9.             Term of Option. The term of each Option shall be the term stated in the Option Agreement; provided, however, that the term shall be no more than ten (10) years from the date of grant thereof.

 

10.           Option Exercise Price and Consideration.

 

(1)           The per share exercise price for the Shares to be issued pursuant to exercise of an Option shall be such price as is determined by the Administrator, but shall be subject to the following:

 

(i)            In the case of an Option

 

(1)           granted to an Employee who, at the time of the grant of such Option, owns stock representing more than ten percent (10%) of the voting power of all classes of stock of the Company or any Parent or Subsidiary, the per Share exercise price shall be no less than 110% of the Fair Market Value per Share on the date of the grant.

 

(2)           granted to any other Employee, the per Share exercise price shall be no less than 85% of the Fair Market Value per Share on the date of grant.

 

(2)           The consideration to be paid for the Option Shares to be issued upon exercise of an Option, including the method of payment, shall be determined by the Administrator and may consist entirely of (1) cash, (2) check, (3) promissory note, (4) other Shares which (x) in the case of Shares acquired upon exercise of an Option have been owned by the Optionee for more than six months on the date of surrender and (y) have a Fair Market Value on the date of surrender equal to the aggregate exercise price of the Shares as to which said Option shall be exercised, (5) delivery of a properly executed exercise notice together with such other documentation as the Administrator and the broker, if applicable, shall require to effect an exercise of the Option and delivery to the Company of the sale or loan proceeds required to pay the exercise price, or (6) any combination of the foregoing methods of payment.
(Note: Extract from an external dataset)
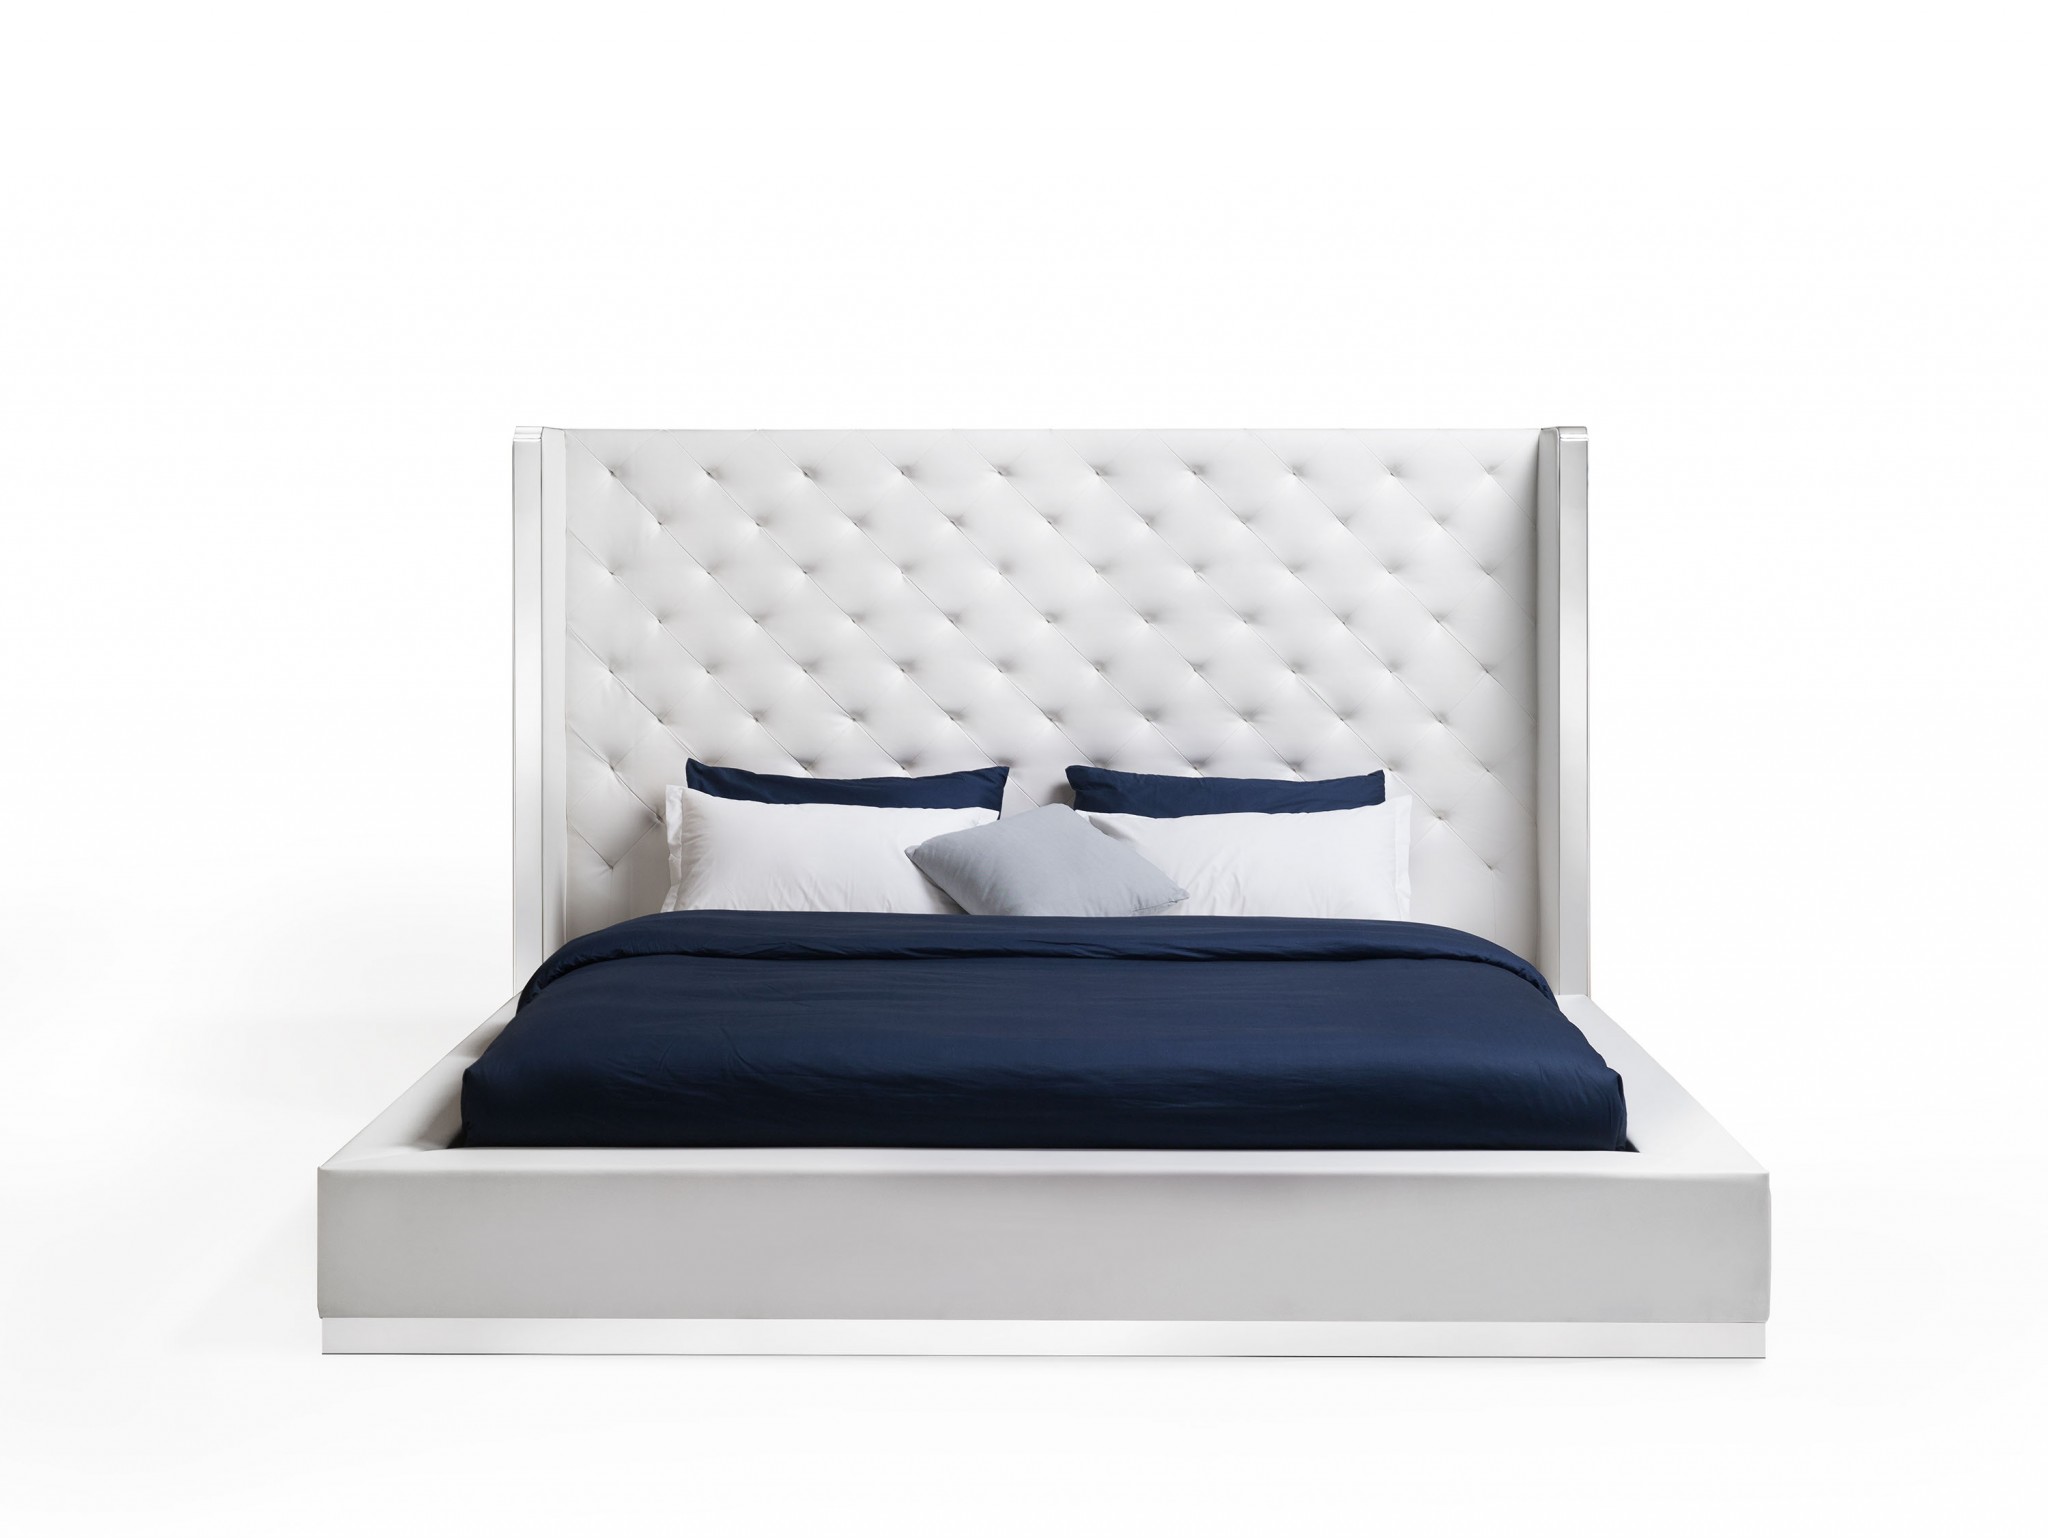 60" X 91" X 91" White Faux Leather Bed King

In making its determination as to the type of consideration to accept, the Board shall consider if acceptance of such consideration may be reasonably expected to benefit the Company.

 

11.           Exercise of Option.

 

(1)           Procedure for Exercise; Rights as a Shareholder. Any Option granted hereunder shall be exercisable at such times and under such conditions as determined by the Administrator and set forth in the Option Agreement.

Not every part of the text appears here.